Principais causas de dor no pé
Existem diversos motivos para dor no pé, dentre eles:
Fascite plantar
Uma das causas mais comuns, caracteriza-se por inflamação da fáscia plantar. A dor costuma ser mais intensa ao dar os primeiros passos pela manhã ou após longos períodos de repouso.
É frequentemente associada a:
Excesso de peso;
Uso de calçados sem amortecimento;
Atividades de impacto;
Encurtamento da musculatura da panturrilha.
Metatarsalgia
A metatarsalgia provoca dor na região anterior do pé, próxima aos dedos, especialmente durante a marcha.
Pode estar relacionada a:
Sobrecarga nos metatarsos;
Uso de salto alto;
Deformidades do antepé;
Alterações biomecânicas da pisada.
Esporão do calcâneo
O esporão é uma formação óssea no calcâneo, geralmente associada à fascite plantar.
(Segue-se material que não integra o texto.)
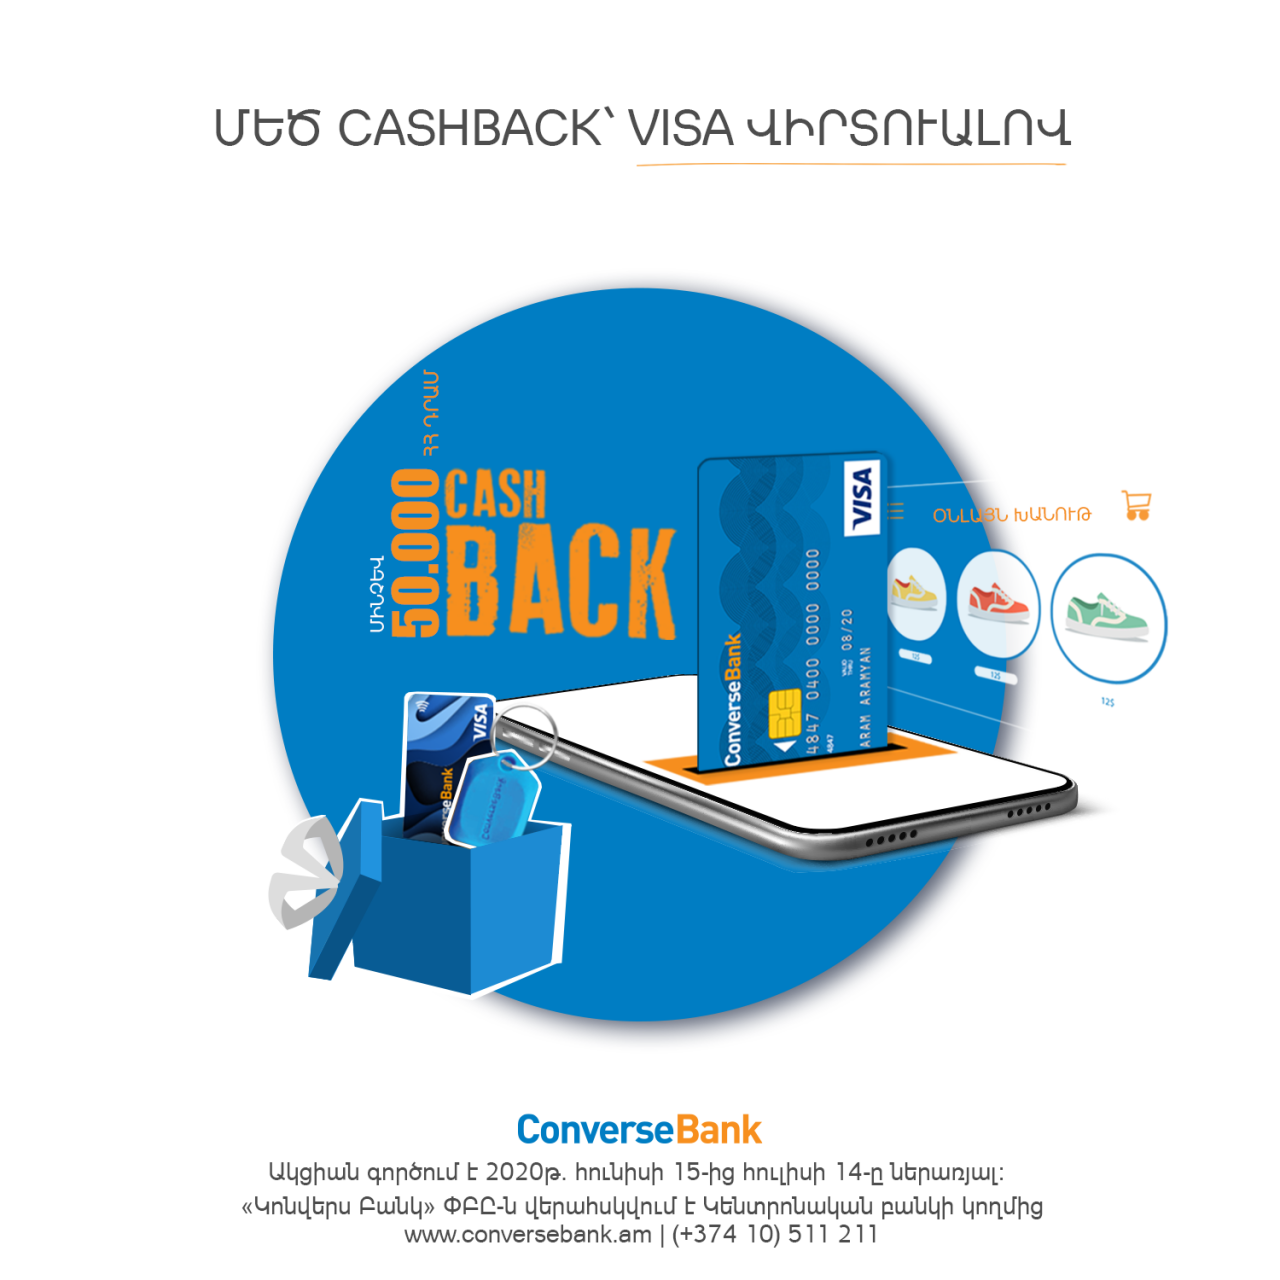 Converse Bank. Free VISA Virtual for Bank’s Mobile App Users and VISA Virtual campaign for all cardholders

Nem sempre causa dor, mas quando sintomático, gera desconforto ao apoiar o calcanhar.
Tendinites e lesões ligamentares
Inflamações de tendões e ligamentos do pé e tornozelo podem causar dor localizada, inchaço e limitação funcional. São comuns em praticantes de atividade física e após movimentos repetitivos ou traumas.
Neuroma de Morton
Caracteriza-se por espessamento de um nervo interdigital, causando dor em queimação, formigamento ou sensação de “choque” entre os dedos, principalmente ao caminhar ou usar calçados apertados.
Artrites e doenças inflamatórias
Doenças como Artrite Reumatoide, Gota e Osteoartrose podem acometer articulações do pé, causando dor crônica, rigidez e deformidades progressivas.
Dor no pé de origem sistêmica
Em alguns casos, a dor no pé não está restrita ao sistema musculoesquelético. Pode estar associada a:
Diabetes mellitus (neuropatia periférica);
Doenças vasculares;
Deficiências vitamínicas;
Infecções.
Nessas situações, a dor costuma vir acompanhada de outros sinais, como dormência, alteração da sensibilidade ou mudanças na coloração da pele.
Quando a dor no pé merece atenção?
Alguns sinais indicam a necessidade de avaliação médica:
Dor persistente por mais de alguns dias;
Dor intensa ou progressiva;
Inchaço, vermelhidão ou calor local;
Dificuldade para caminhar;
Dormência ou formigamento;
Dor associada a febre;
Histórico de trauma.
Ignorar esses sinais pode levar à cronificação do problema e à limitação funcional.
O que ajuda a aliviar a dor no pé?
O tratamento depende da causa, mas algumas medidas gerais costumam ajudar:
Reduzir atividades de impacto temporariamente;
Utilizar calçados adequados e confortáveis;
Evitar andar descalço por longos períodos;
Aplicar gelo em casos de inflamação;
Realizar alongamentos orientados;
Manter o peso corporal adequado.
Em casos persistentes, pode ser necessário acompanhamento com ortopedista, fisioterapeuta ou outros profissionais de saúde.
Conclusão
A dor no pé não deve ser negligenciada. Embora muitas vezes esteja relacionada a sobrecarga ou hábitos inadequados, também pode sinalizar condições que exigem diagnóstico e tratamento específicos.
Observar a localização, intensidade, duração e fatores associados à dor é fundamental para identificar a causa e evitar complicações. Cuidar dos pés é cuidar da mobilidade, da autonomia e da qualidade de vida.